[Start of section]
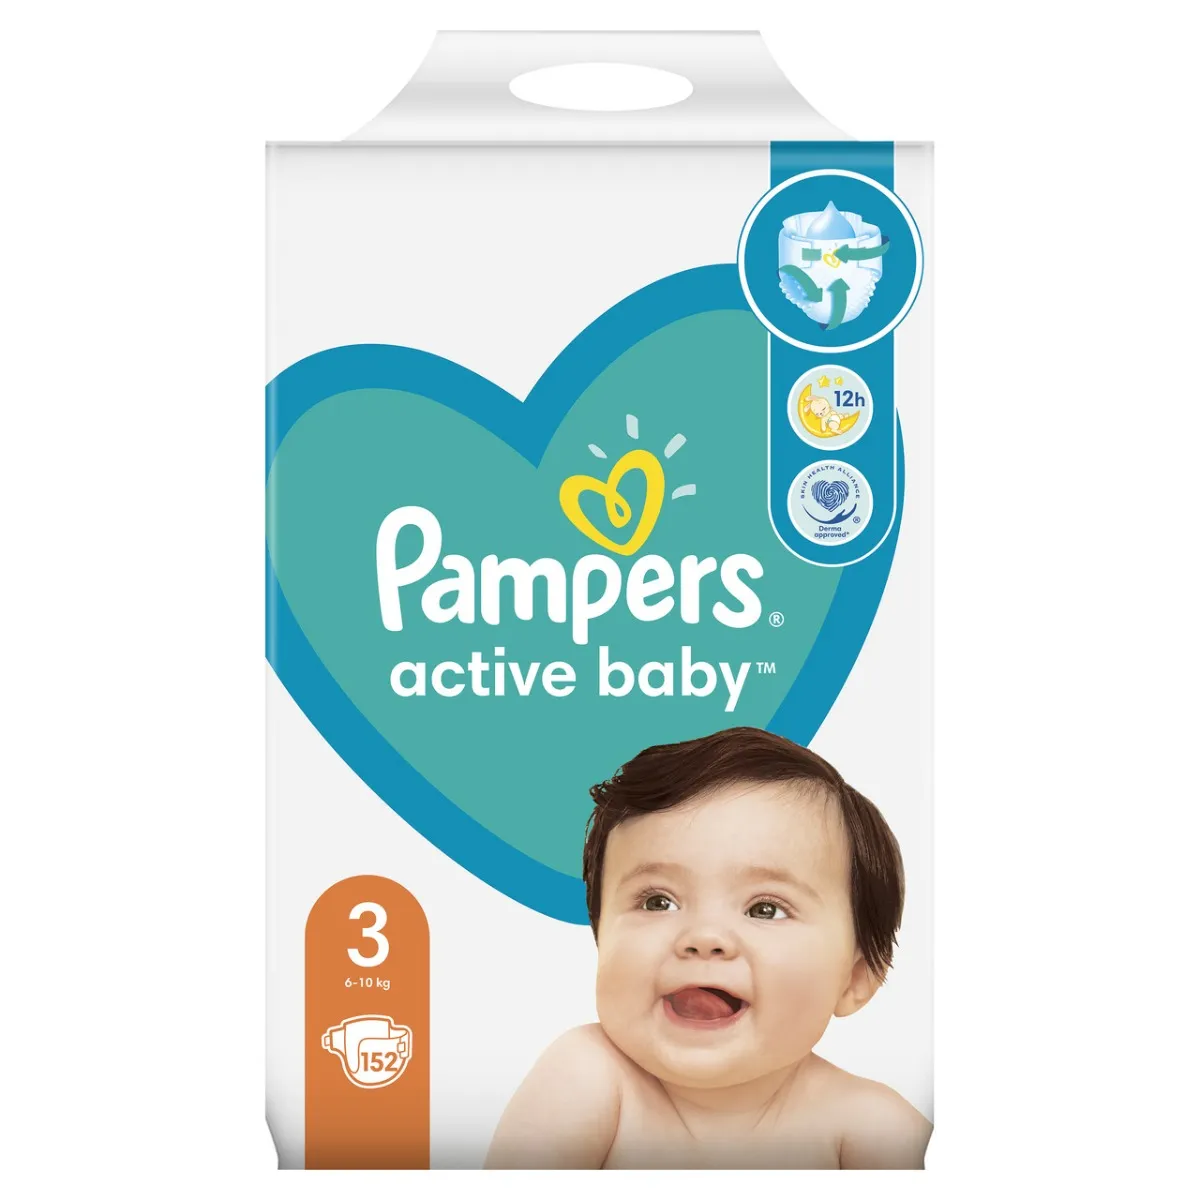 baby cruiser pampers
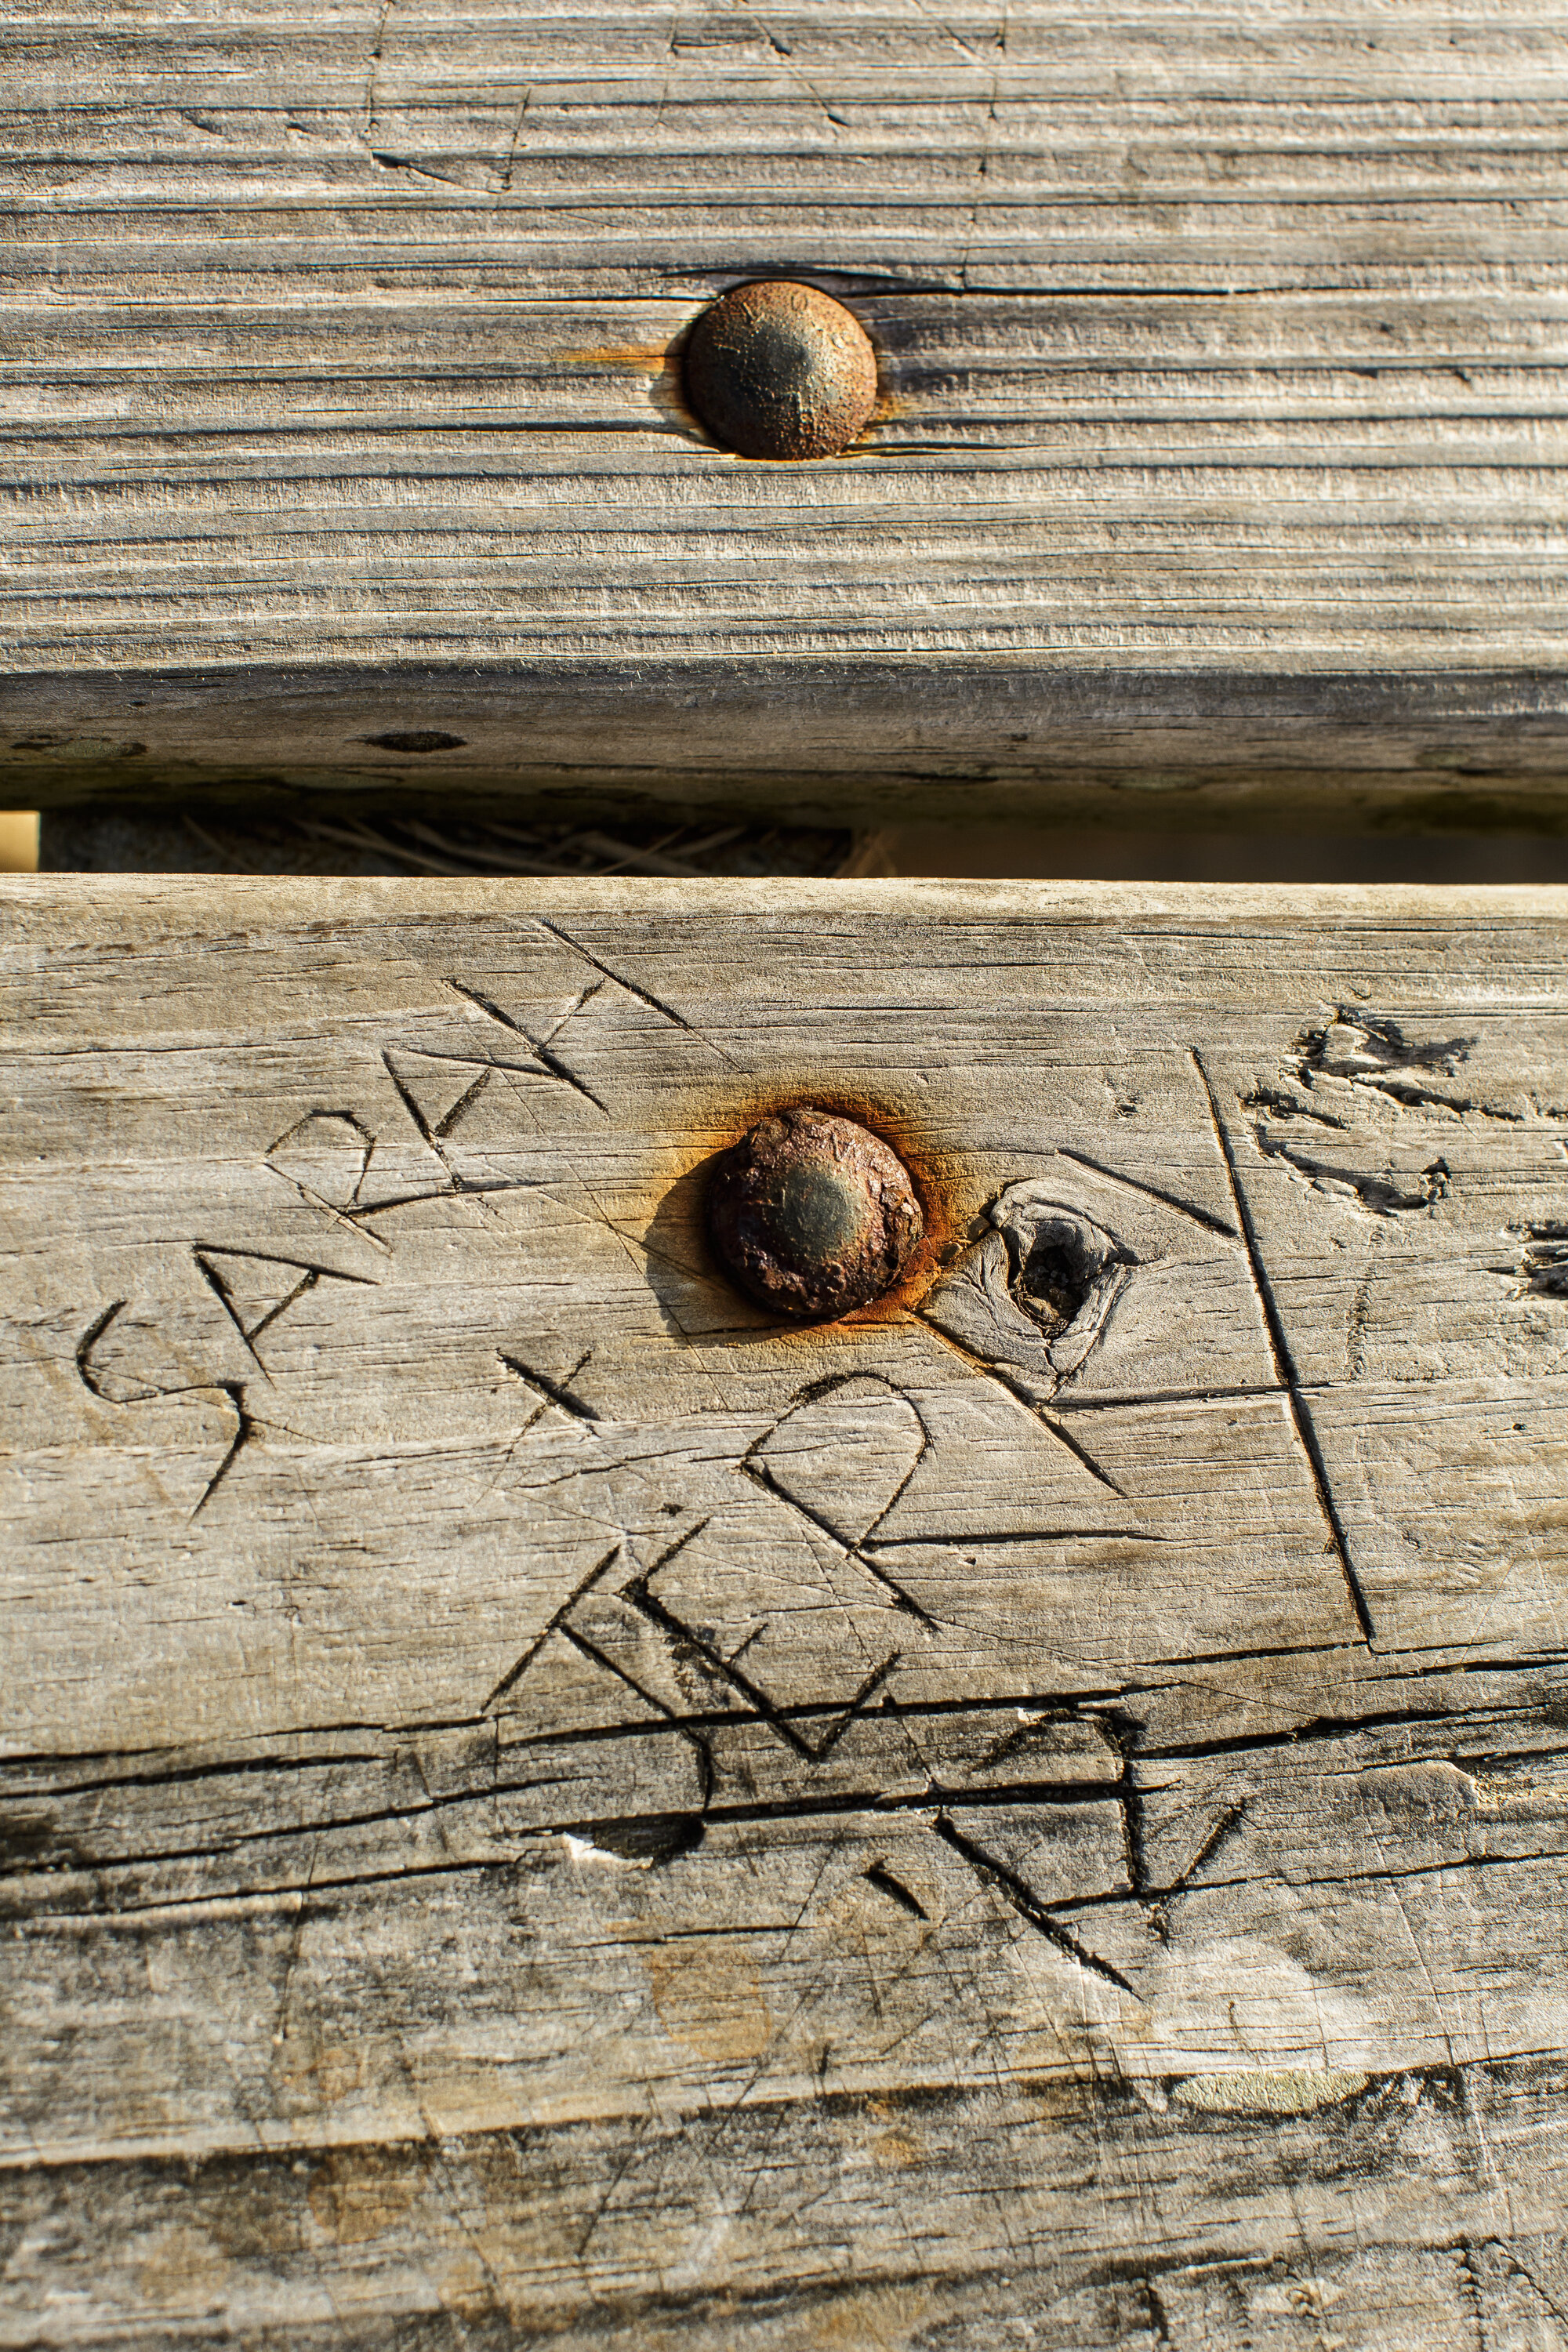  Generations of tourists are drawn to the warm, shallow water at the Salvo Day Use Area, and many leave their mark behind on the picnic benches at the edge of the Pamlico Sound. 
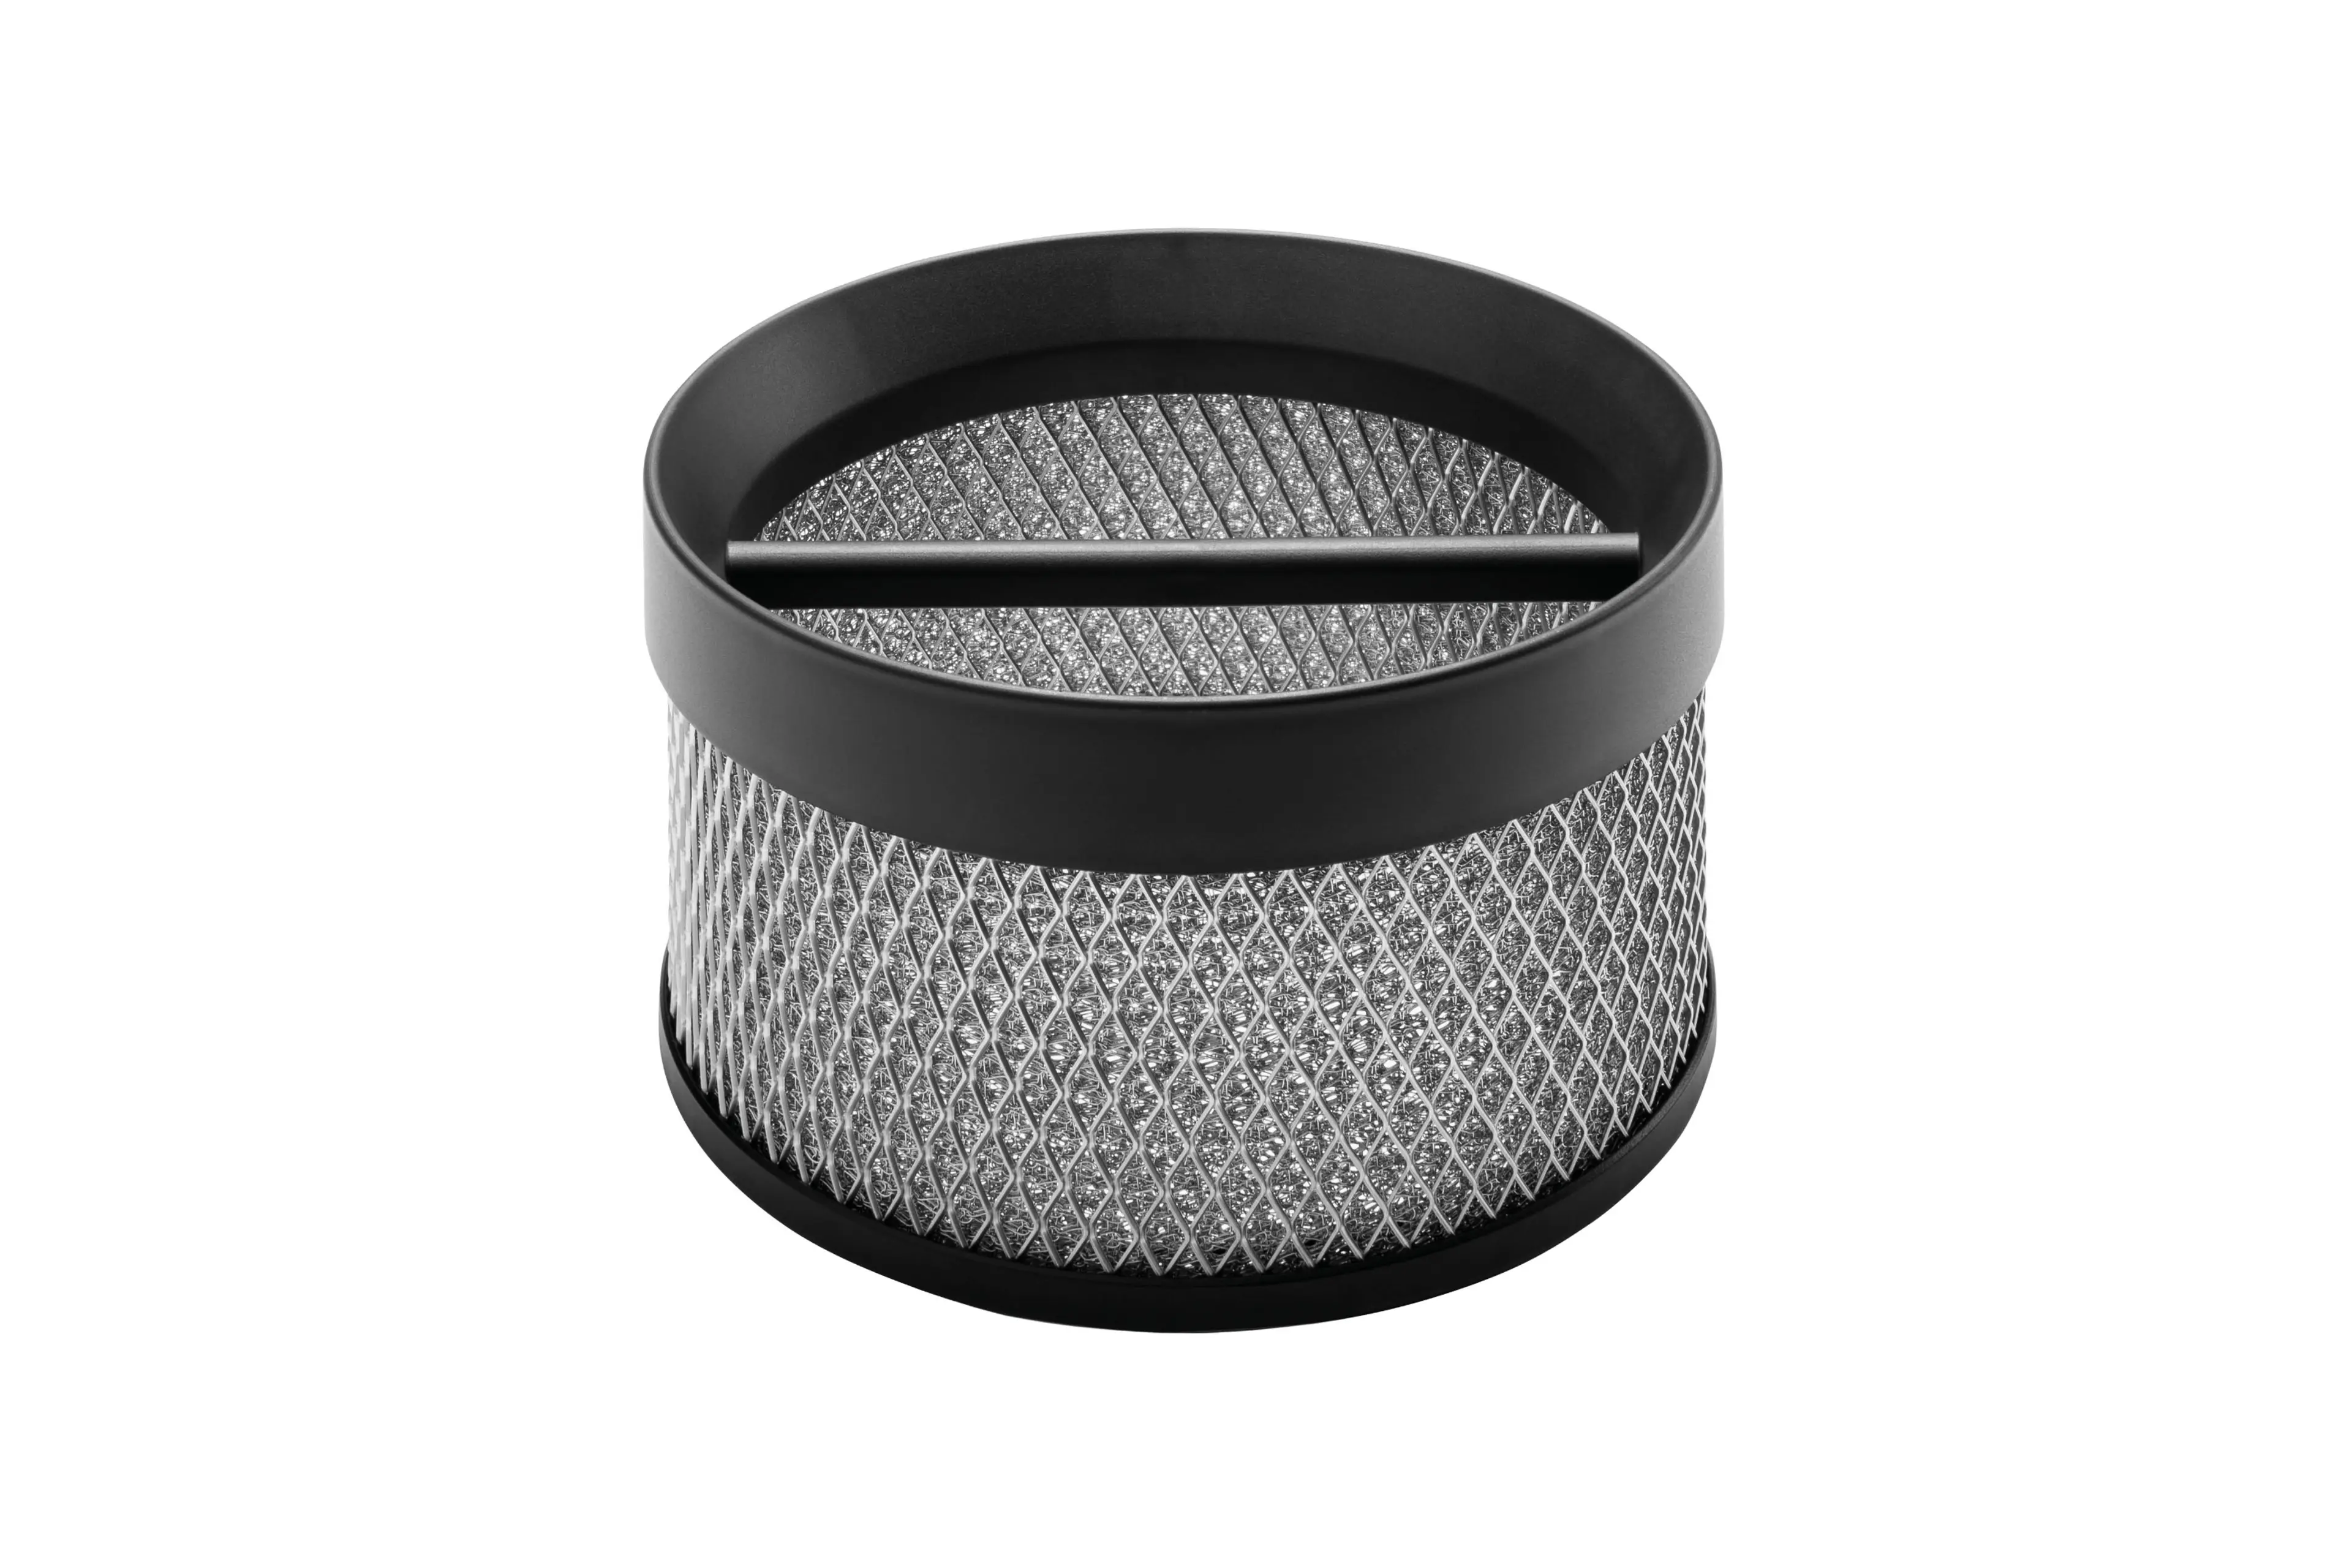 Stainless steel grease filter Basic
[End of section]
● Problem statement
Repeat the material above in full and exactly, apart from the pictures.

● Task answer
 baby cruiser pampers
  Generations of tourists are drawn to the warm, shallow water at the Salvo Day Use Area, and many leave their mark behind on the picnic benches at the edge of the Pamlico Sound. 
 Stainless steel grease filter Basic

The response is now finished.